Exercise details
The entire listing, reproduced exactly and stripped of images, is the expected output.
══ The data ══
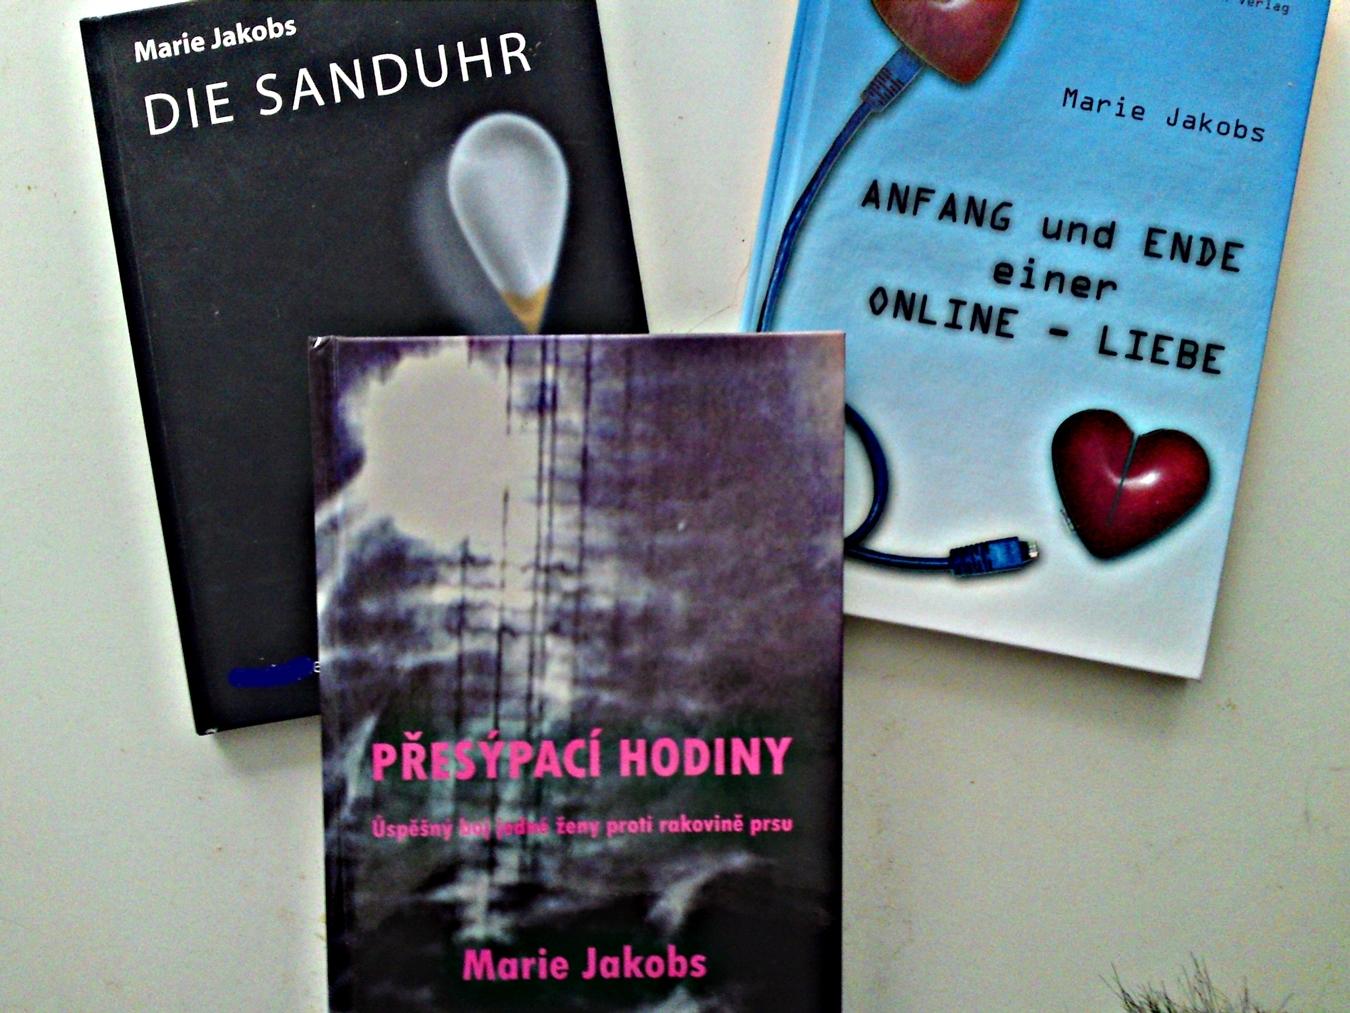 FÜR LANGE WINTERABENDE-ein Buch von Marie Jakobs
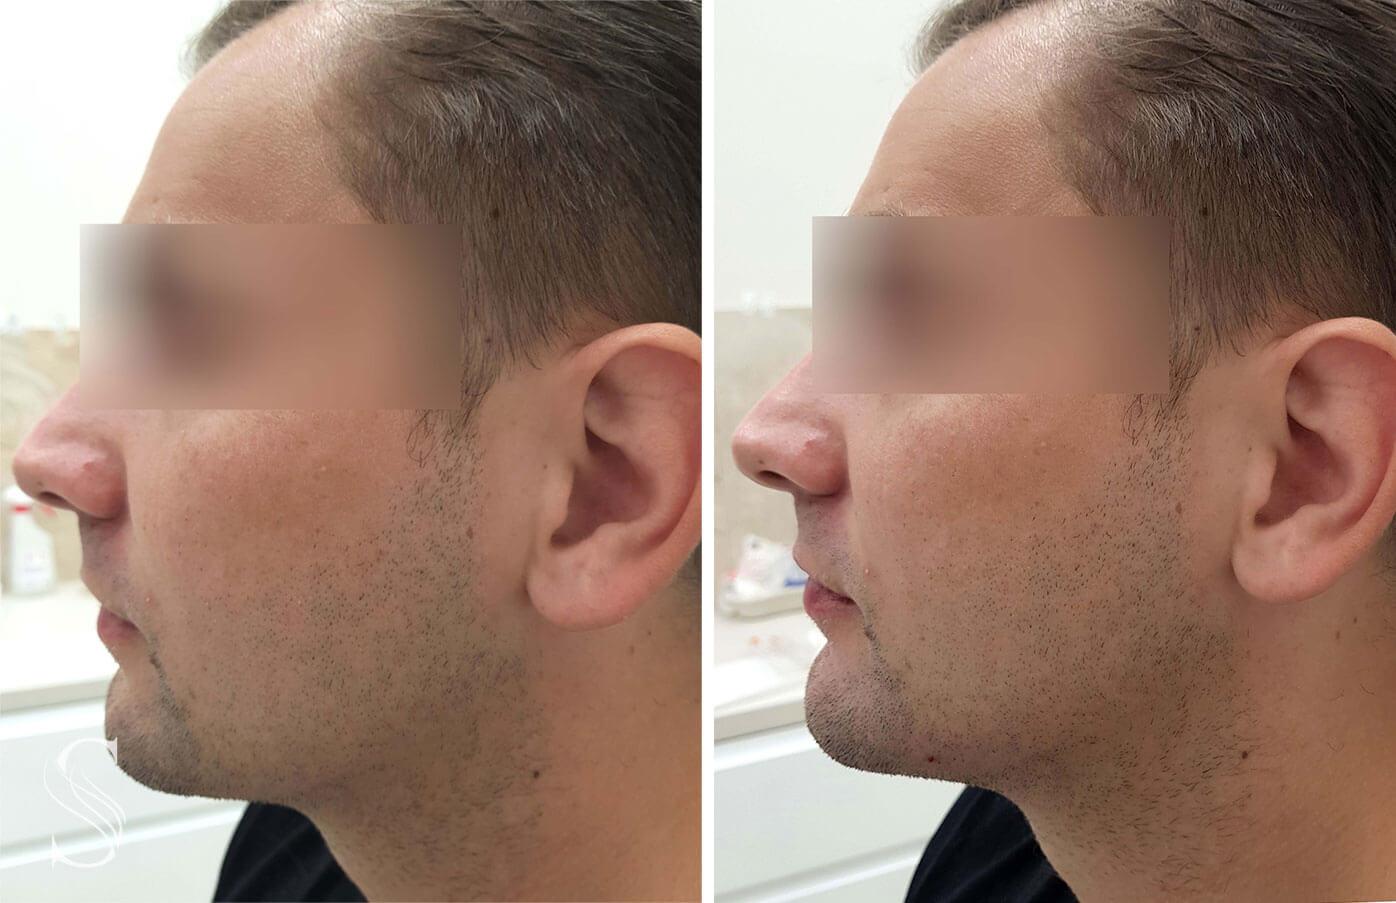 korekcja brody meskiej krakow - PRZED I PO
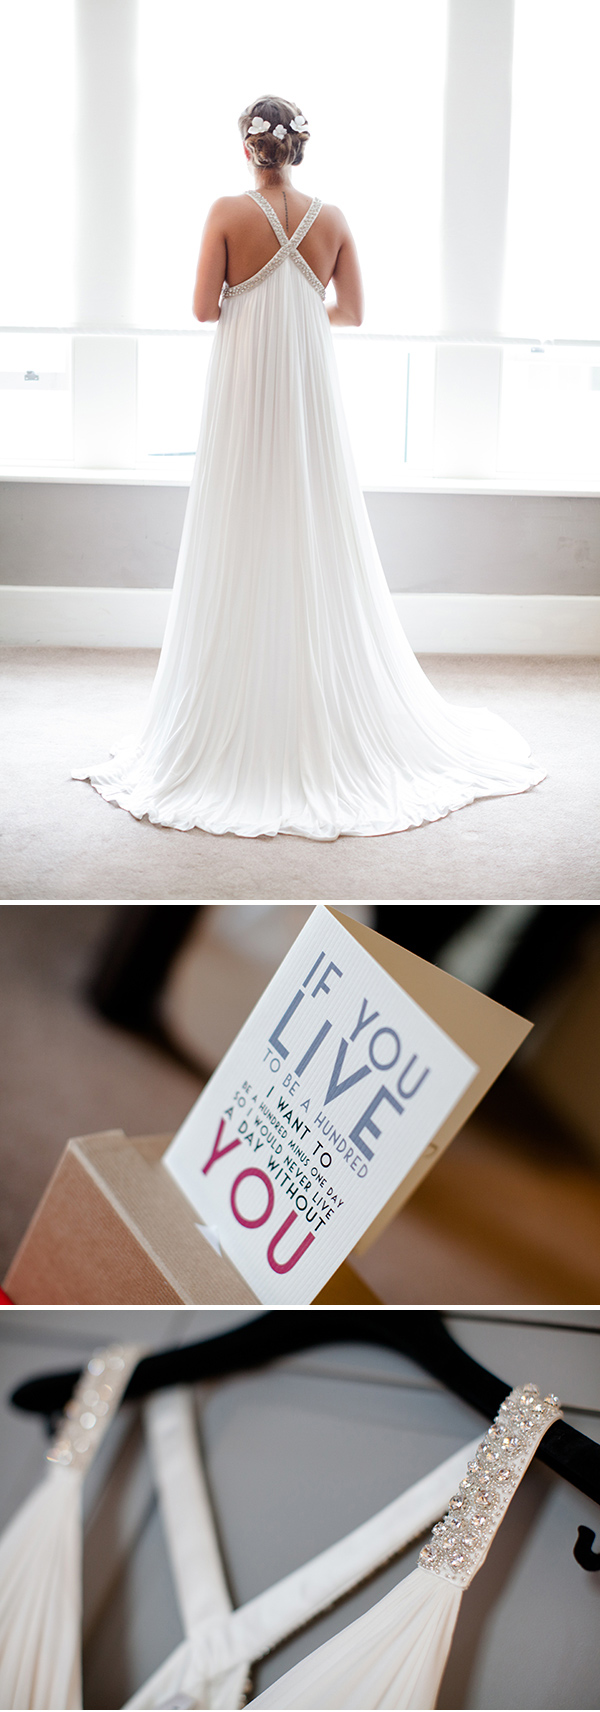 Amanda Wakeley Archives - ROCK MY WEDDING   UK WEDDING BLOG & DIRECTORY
═══
Task response
 FÜR LANGE WINTERABENDE-ein Buch von Marie Jakobs
 korekcja brody meskiej krakow - PRZED I PO
 Amanda Wakeley Archives - ROCK MY WEDDING   UK WEDDING BLOG & DIRECTORY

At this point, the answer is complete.